The act of living is different all through. Her absence is like the sky, spread all over everything.” C.S. Lewis, A Grief Observed
Though C.S. Lewis was writing about the death of his wife Joy, his words describe how I felt during the first year after my mother’s death. In fact it was only after passing the third anniversary of her death from pancreatic cancer that I felt like I was finally recovering the full use of my brain and body. [Though after recently turning 53 and finding myself unable to remember the simplest nouns, I do wonder about my brain!]
I can’t speak for other daughters who lose their mothers during what one would consider the normal course of events — I am an adult, my mother was 79 — yet I felt consumed by grief. As if I wouldn’t be able to speak for a year after witnessing her suffering and her death. My cheek against hers, breathing with her as she took her last breath. To this day I cannot think of her illness and death without weeping.
Why and how could I be so bereft? I remember saying to a board member at the time whose mother had died the year before, how caught off guard I was by the depth of my sorrow and how I was so utterly immobilized. “She was your mom,” he said. “There is no one like our moms.” I can still hear him saying that, giving me permission and understanding that no matter our age, when we lose our moms it hurts.
I thought I knew what grief was all about because my dad died when I was 14. I thought I knew from grief! I thought I knew what it was like to lose a parent. But until my mother died, I only knew about death through the eyes and heart and mind of a child. I had known my dad for 14 years but I knew my mom for 50 years.
And noone could have prepared me. I remember someone saying to me that at least it would be easier for me because of the work I do. I wanted to laugh! As if knowing about grief in my head would lessen the grief in my heart. I told a friend about that and he laughed out loud and asked if I were a funeral director should I perform my own embalming because I know about it?! I laughed out loud too.

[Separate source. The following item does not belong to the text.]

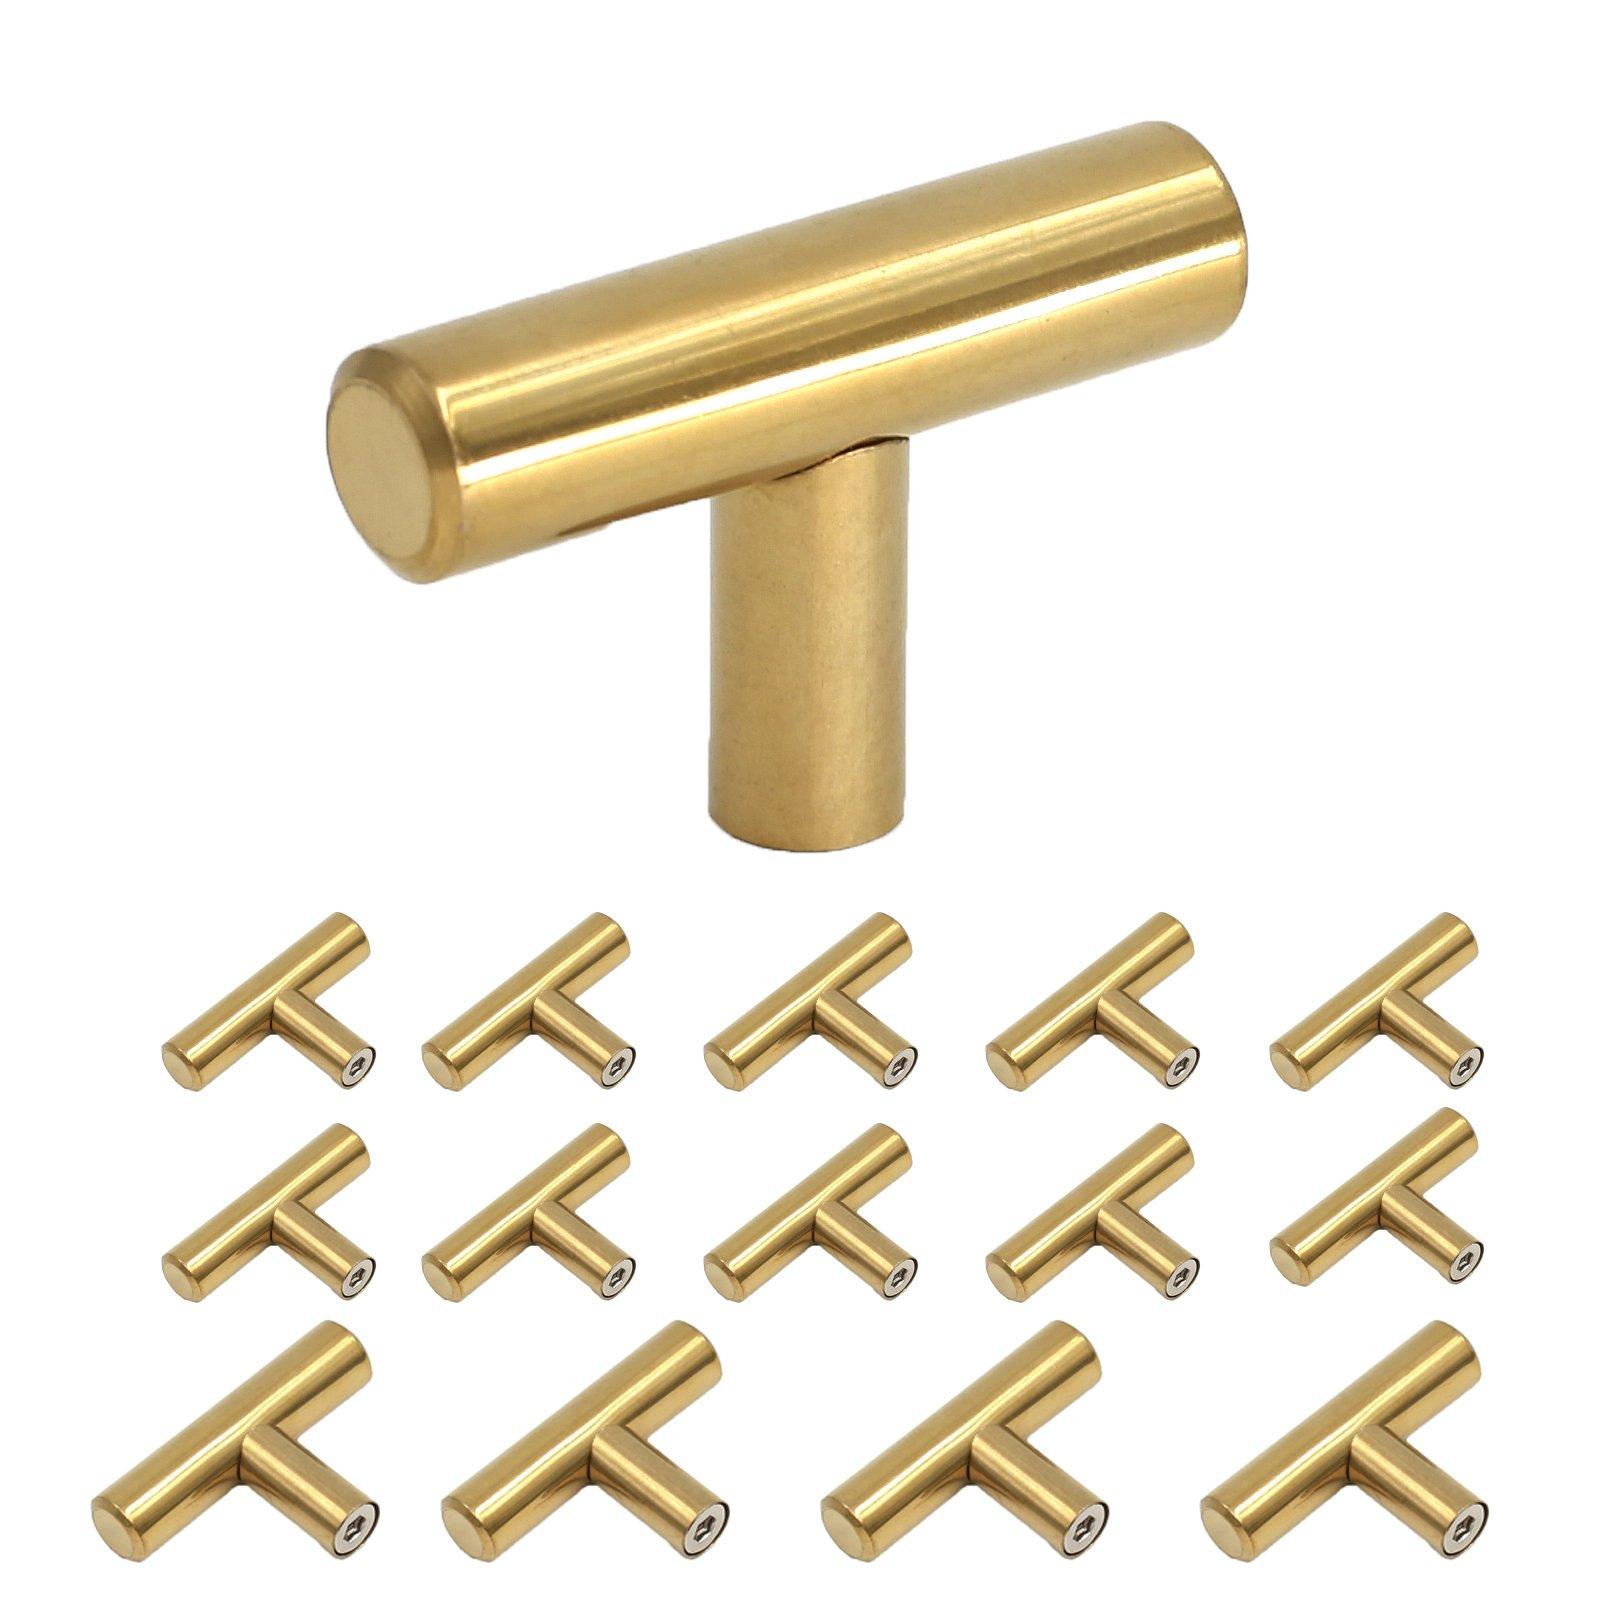 Homdiy Brushed Brass Cabinet Knobs 2in Modern Gold Kitchen Door Handles and Drawer Pulls Knobs 15 Pack

But in a way I was prepared. I knew that my experience was ‘normal’ and that I wasn’t going crazy when all I could do was lie on the floor and cry. That I wasn’t going crazy as I became forgetful and unfocused, as I kept tripping and bumping into things. I’m amazed I didn’t end up with stiches! Driving was the worse when all of a sudden my vision would blur with tears or I would be as clumsy with my driving as I was with my feet. I call this driving under the influence of grief.
Eventually I got my balance back. What helped was the passage of time combined with talking, talking, talking, to anyone who would listen, and support from my group, professionals, and writing. I will miss my mom for the rest of my life, as I will my dad. But as I did with my dad, and now with my mom, I have learned to live with the sadness and joy of life side by side.